The wild over-the-topness of this is particularly strange, as there's a lot more drama than there is comedy in the course of this film. I suppose this isn't that surprising, given the focus of the plot, but there's a constant tension between the look-at-me strangeness of what Penn is doing and the genuine emotions at the heart of a lot of the script. Cheyenne is surrounded by people living their lives and coping with their own emotional problems – unrequited love, trouble with their parents, bereavement – and these are, on the whole, sincerely written and convincing played by the large supporting cast. The film is much more about these people and their effect on Cheyenne than it is his search for the war criminal.
That said, the film isn't completely po-faced and does contain some very funny scenes, but the memorable ones are more serious in tone – most striking is a discussion between Penn and Byrne in which, for the first time, Penn's emotional detachment crumbles and we get a glimpse of the man within for the first time. This is when we start to understand why he still maintains the same outrageously affected appearance he had when he was a teenager – it is a mechanism for hiding from the world, from time, and from himself, and the rest of the film is about how he slowly reconnects with all these things.
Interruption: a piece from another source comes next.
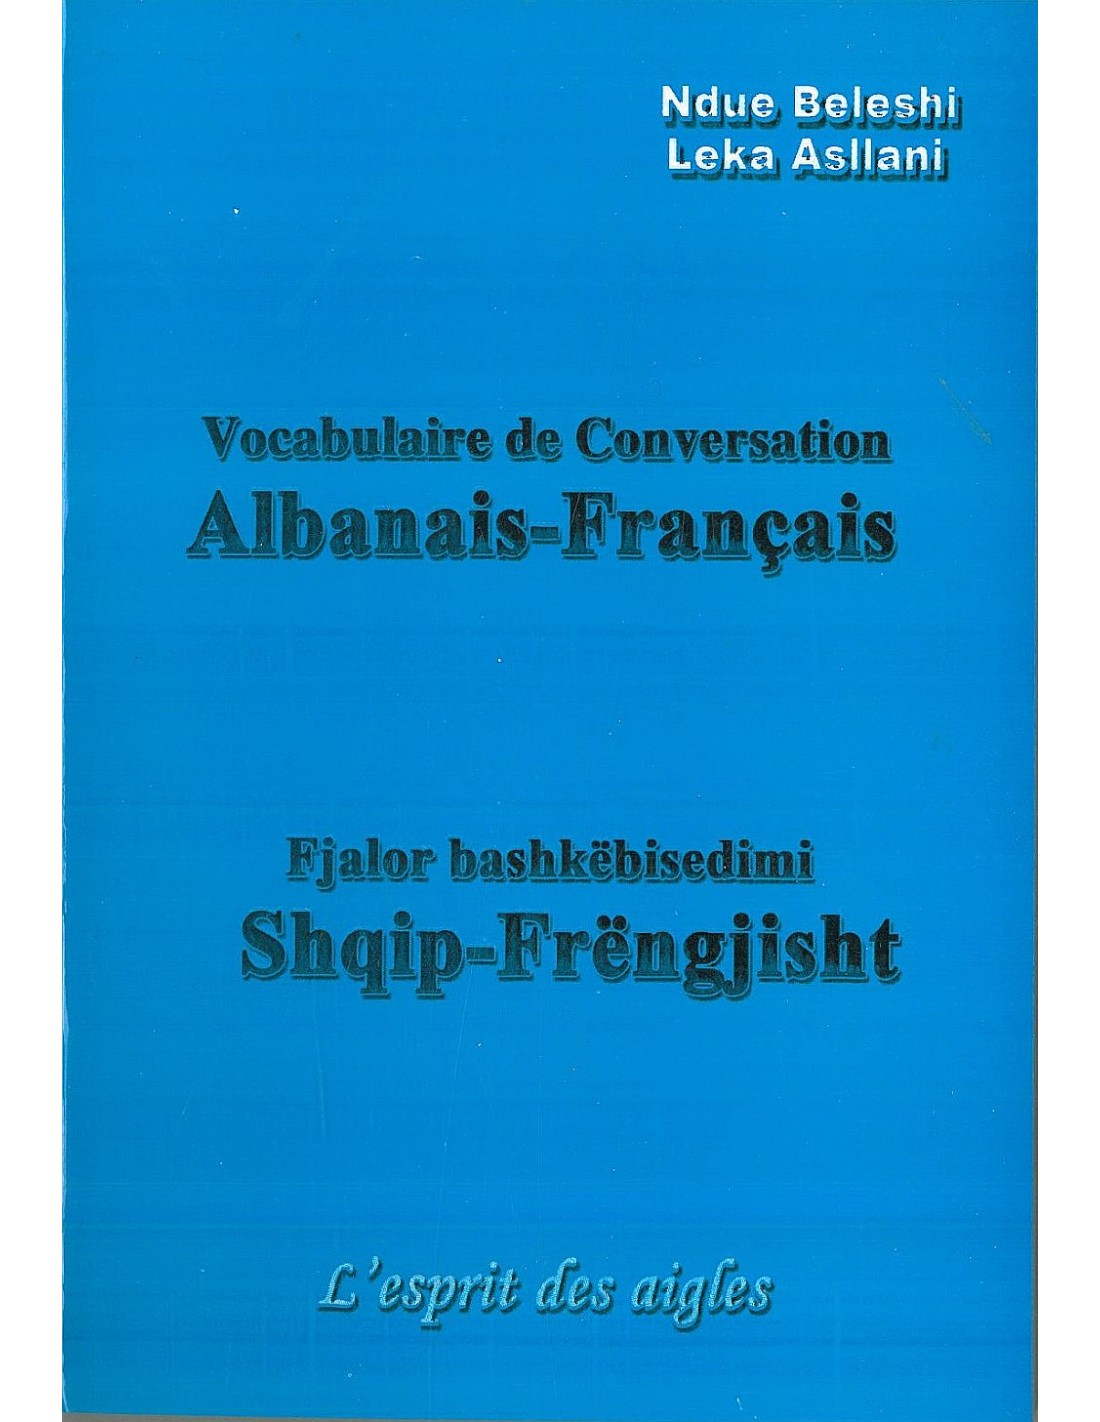 fjalor shqip frengjisht

This is a visually brilliant film, with impeccably composed shots and lustrous cinematography throughout – the southern USA looks gorgeous on the screen, suburban Dublin perhaps less so. For a while I wondered if this wasn't just another showy-offy film like (possibly) There Will Be Blood, with Penn going into method overload and the cameraman and director running amuck in their own departments too. But in the end I'm not sure if that's the case. The road-movie element is a little bit hackneyed, and the quest plotline also far from original, but the character studies and scenes along the way add up to create a quietly moving composite portrait of human emotional frailty.
Even so, I'm not sure This Must Be The Place isn't a bit less than the sum of its parts, for all that it's more about the journey than the denouement. And perhaps the filmmakers felt the same thing – the very end of the film feels like an attempt to be enigmatic and provoke discussion amongst the audience. I'm not sure what it means; the obvious answer has the drawback of seeming wildly implausible, but the film doesn't point towards any others.
Nevertheless, this is an engaging and entertaining film, even if it never quite completely comes together as a coherent whole. Anyone going solely by appearances is probably not going to take it seriously – which is a shame, because I think it deserves at least that much.